Start of Collected material
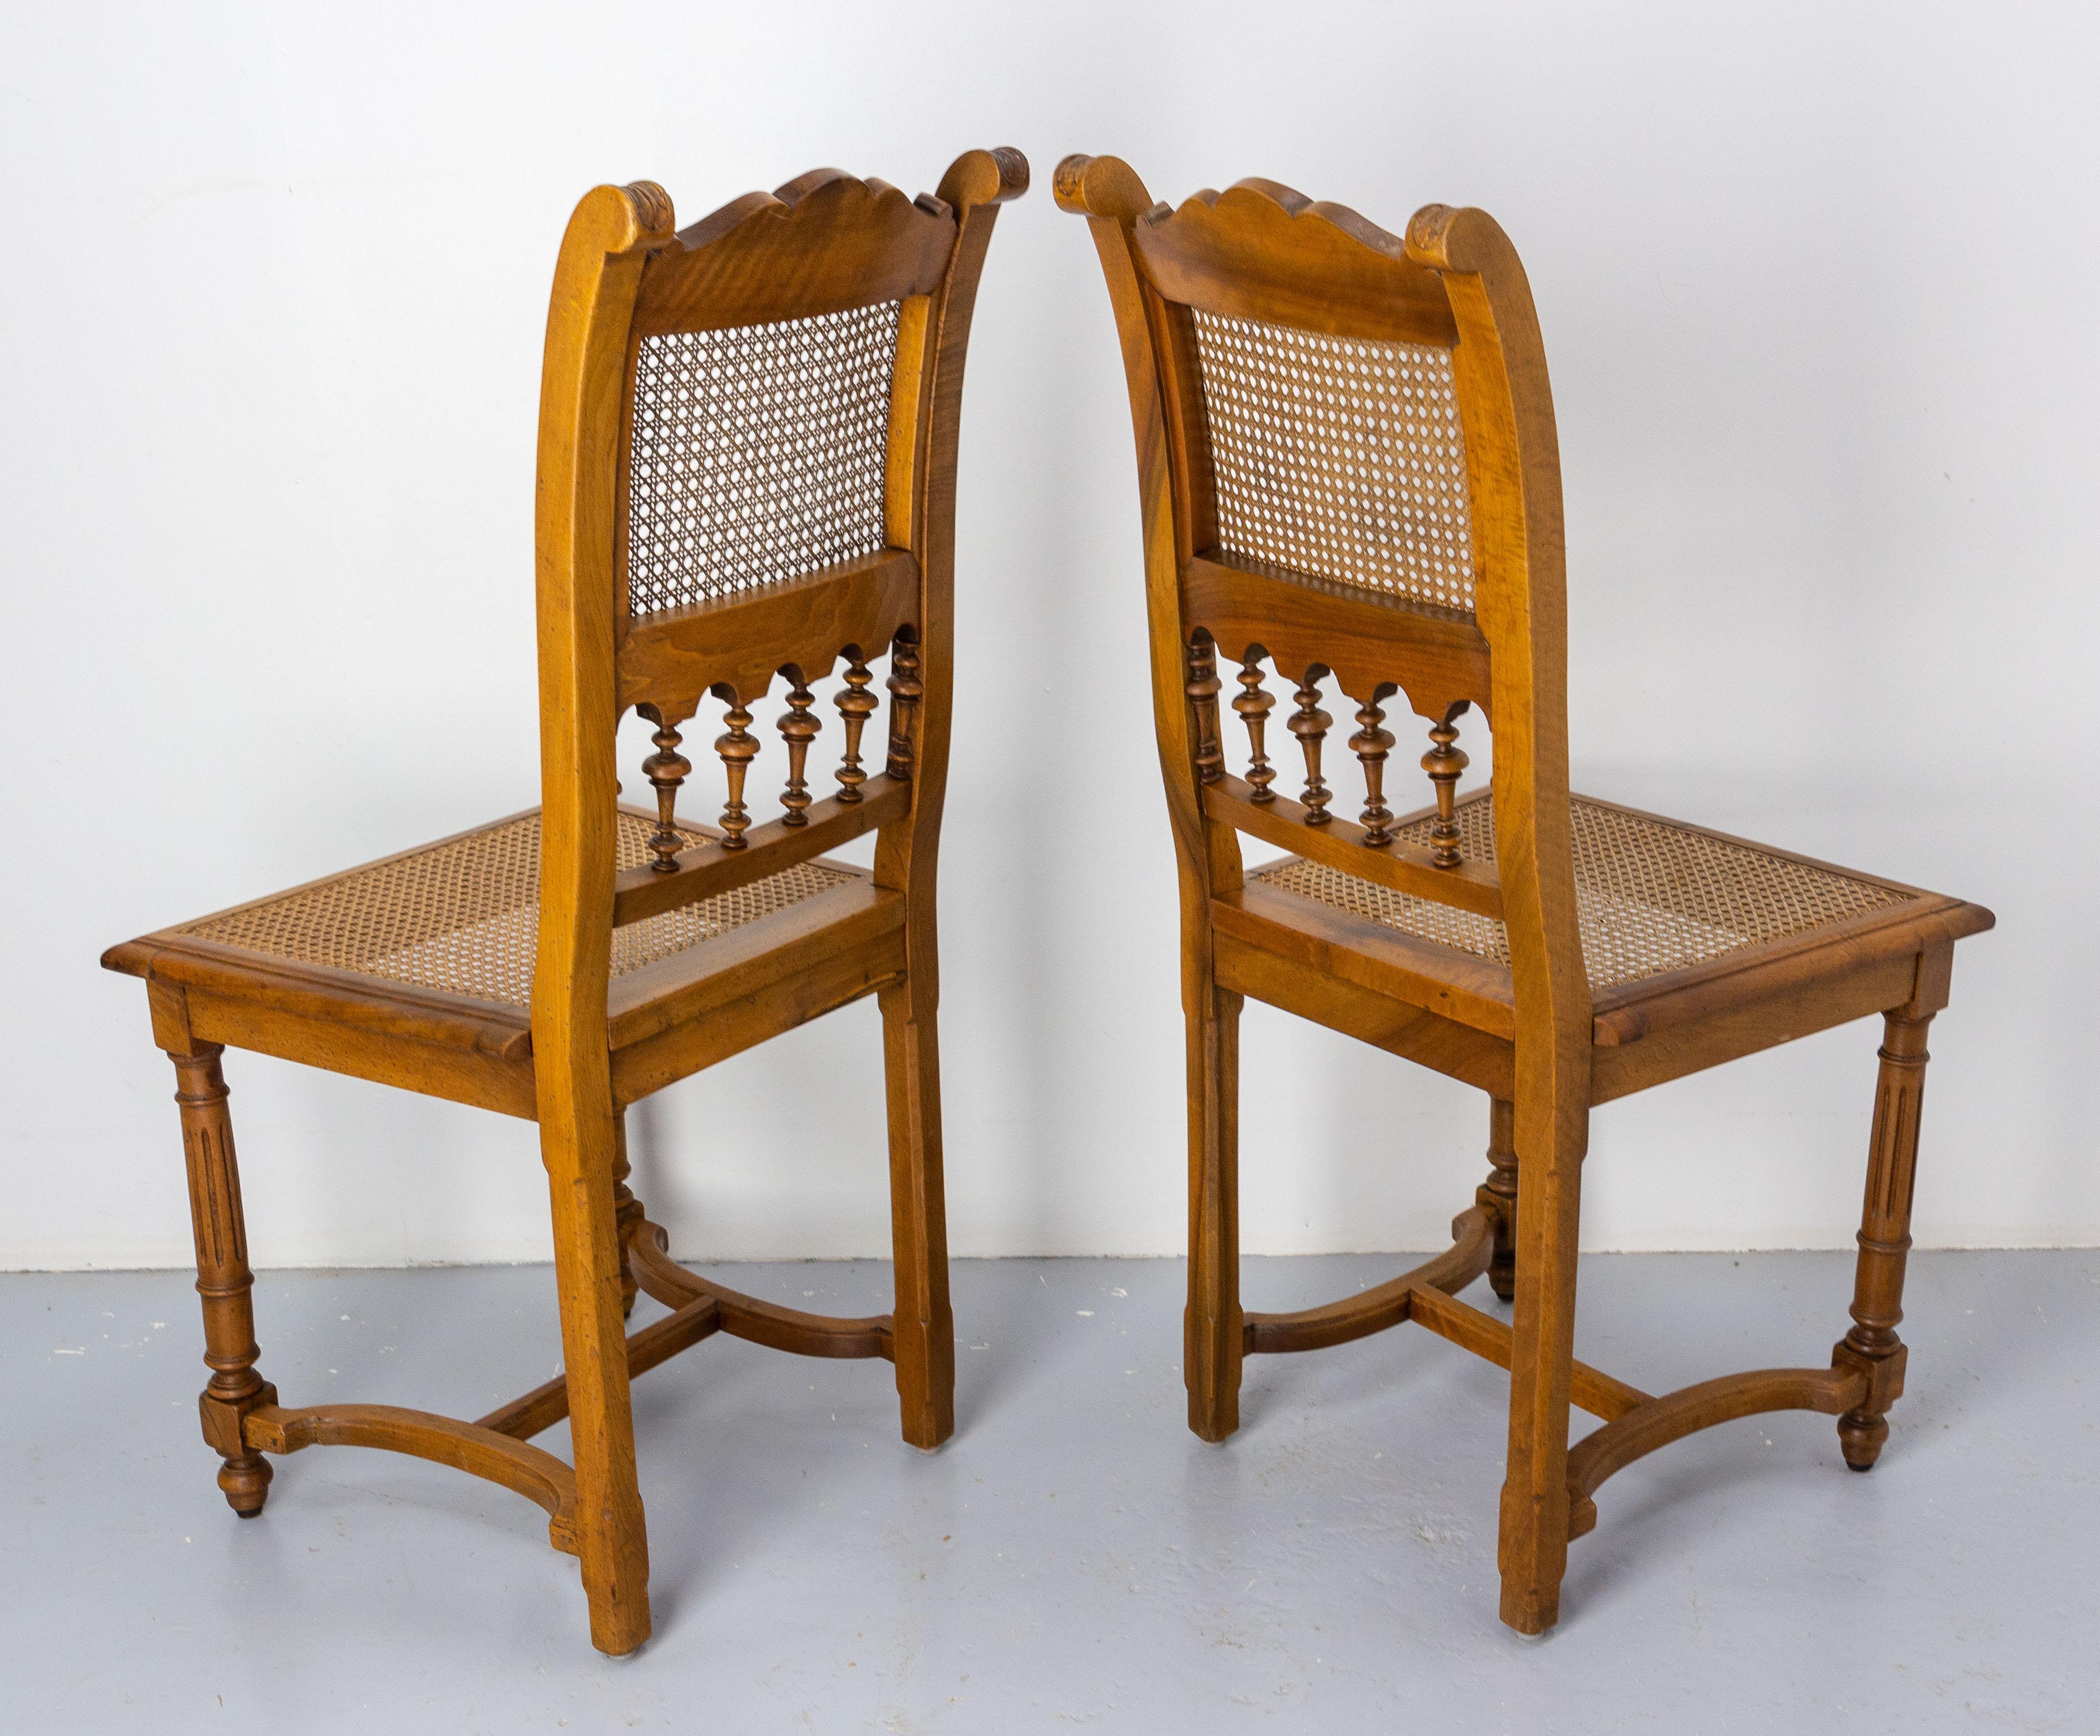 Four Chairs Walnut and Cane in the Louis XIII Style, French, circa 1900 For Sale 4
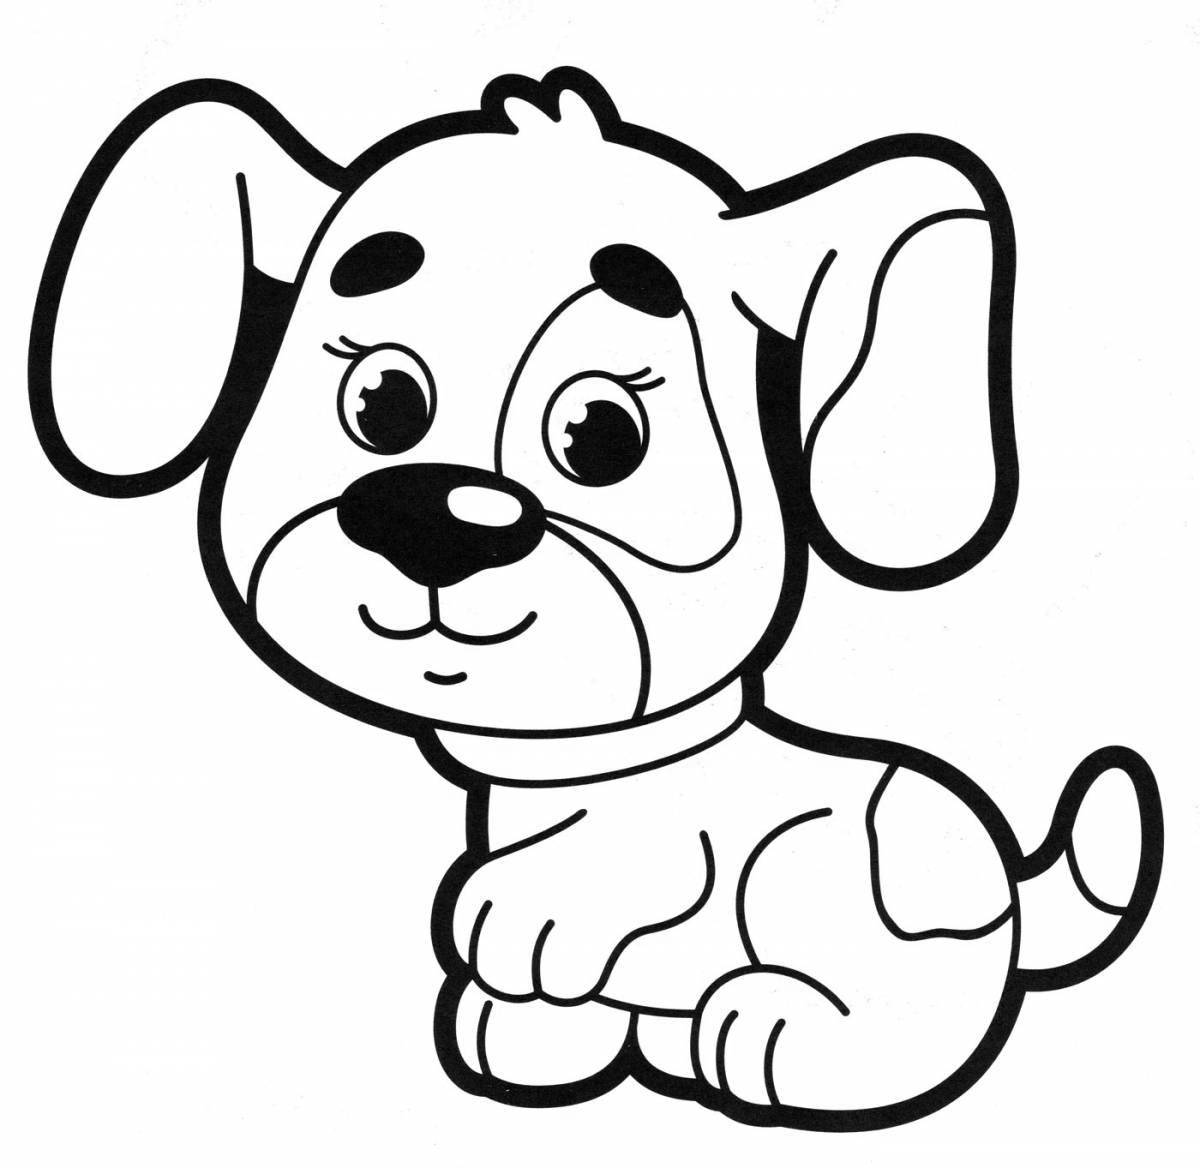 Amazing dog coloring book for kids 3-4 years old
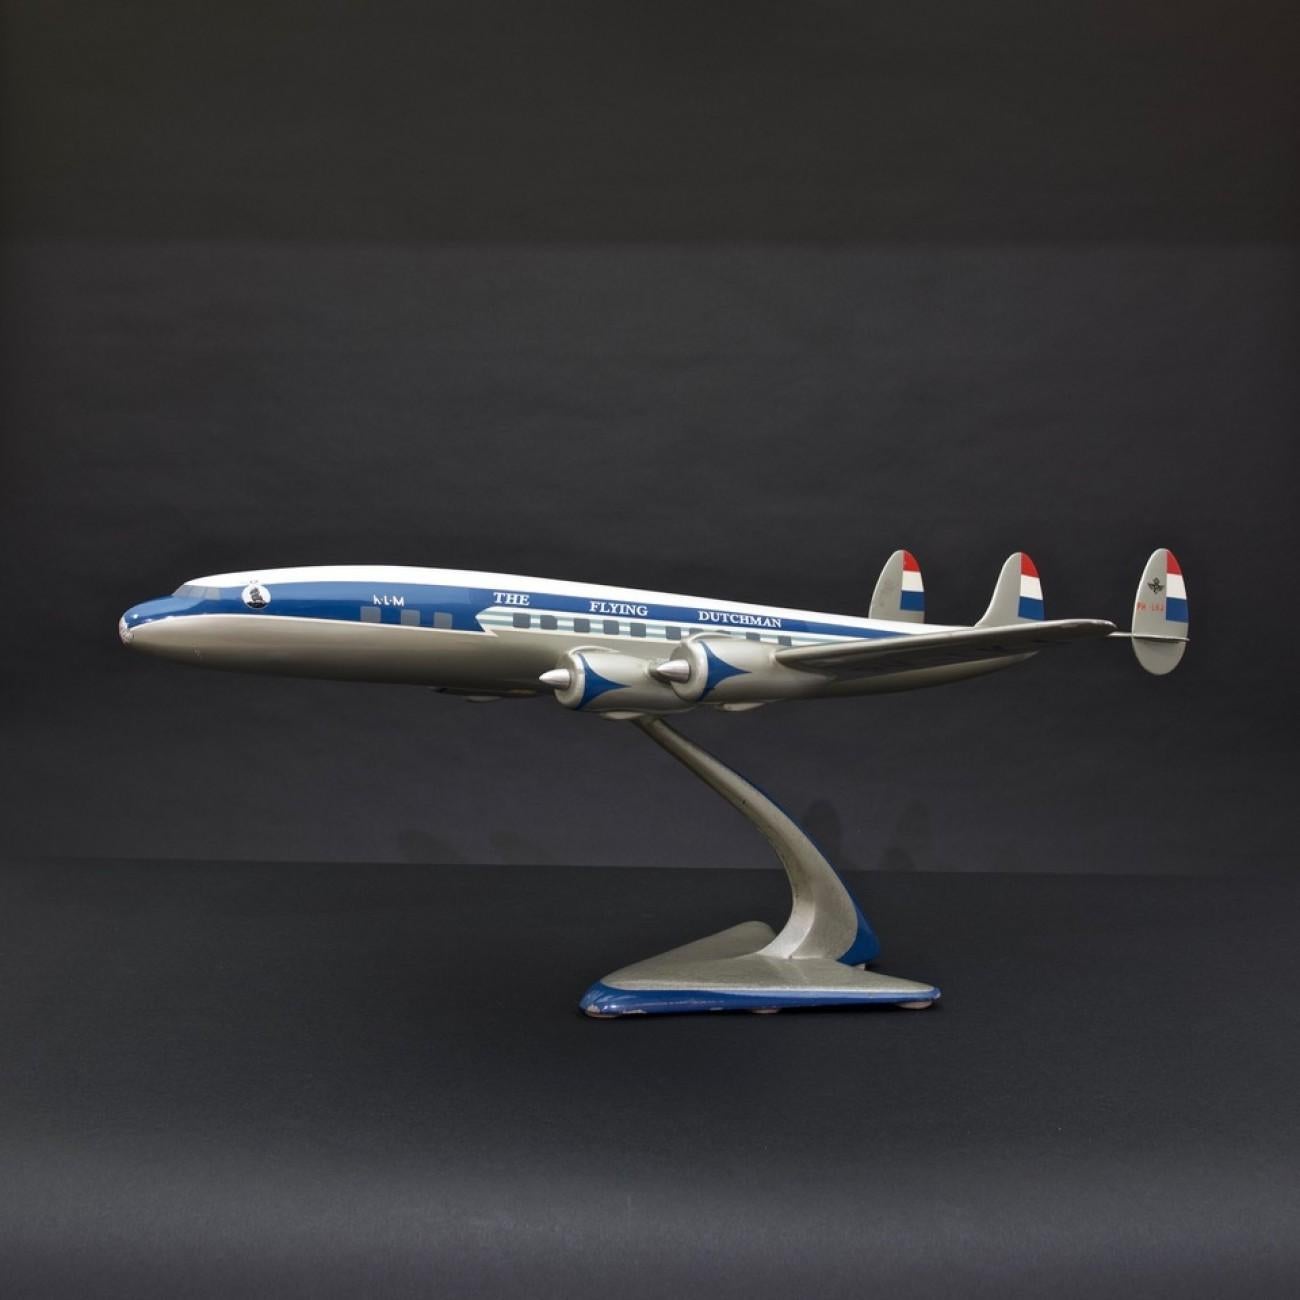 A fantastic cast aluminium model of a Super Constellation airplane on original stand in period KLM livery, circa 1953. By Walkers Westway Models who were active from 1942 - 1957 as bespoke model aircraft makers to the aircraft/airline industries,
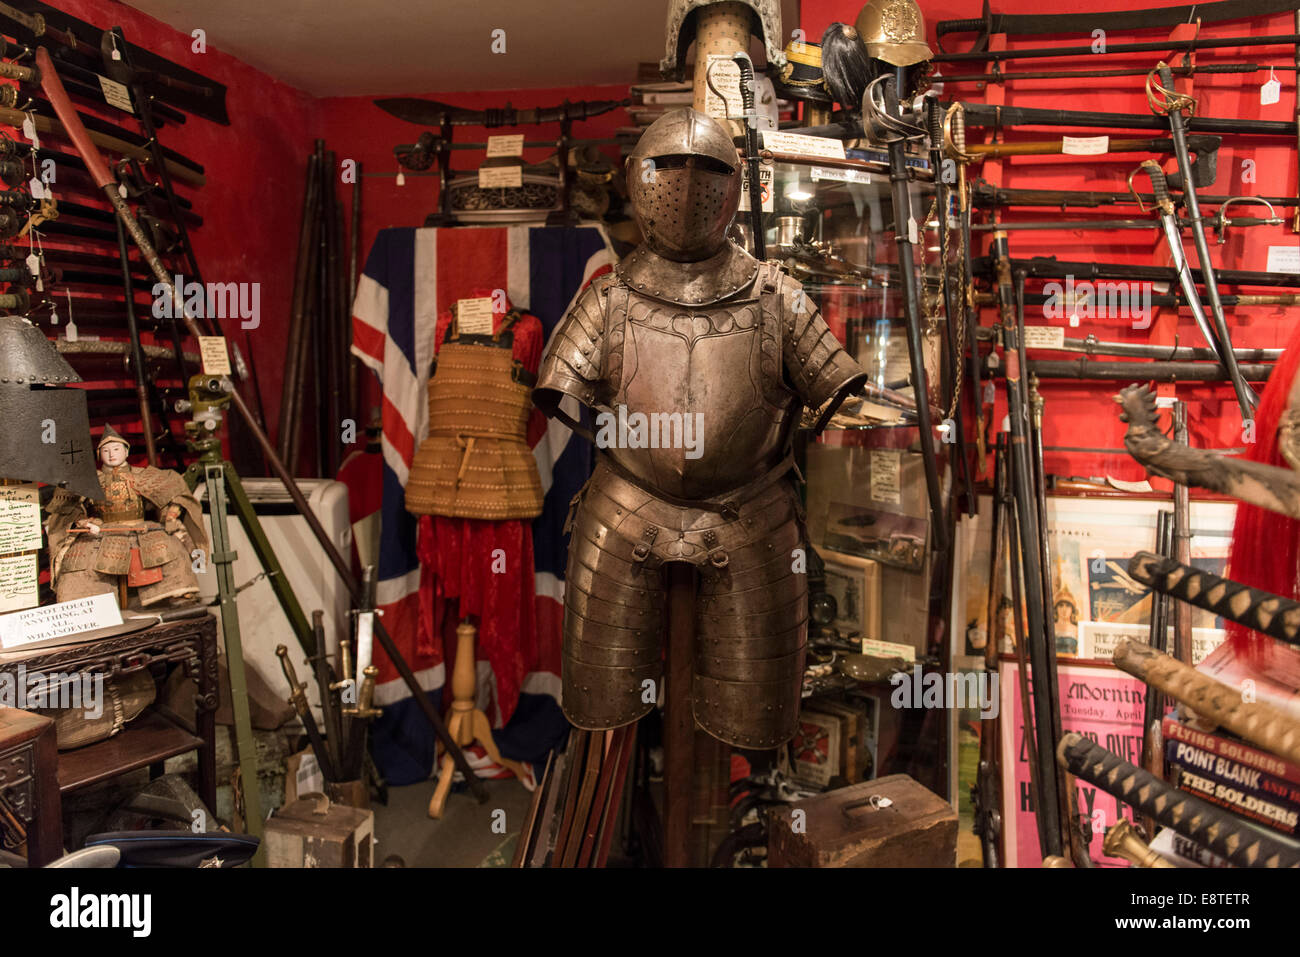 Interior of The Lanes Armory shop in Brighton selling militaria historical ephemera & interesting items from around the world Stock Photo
End of Collected material
Leave the pictures out, and please copy only the lines from the one with "Amazing dog coloring" through the end of the listing.

 Amazing dog coloring book for kids 3-4 years old
 A fantastic cast aluminium model of a Super Constellation airplane on original stand in period KLM livery, circa 1953. By Walkers Westway Models who were active from 1942 - 1957 as bespoke model aircraft makers to the aircraft/airline industries,
 Interior of The Lanes Armory shop in Brighton selling militaria historical ephemera & interesting items from around the world Stock Photo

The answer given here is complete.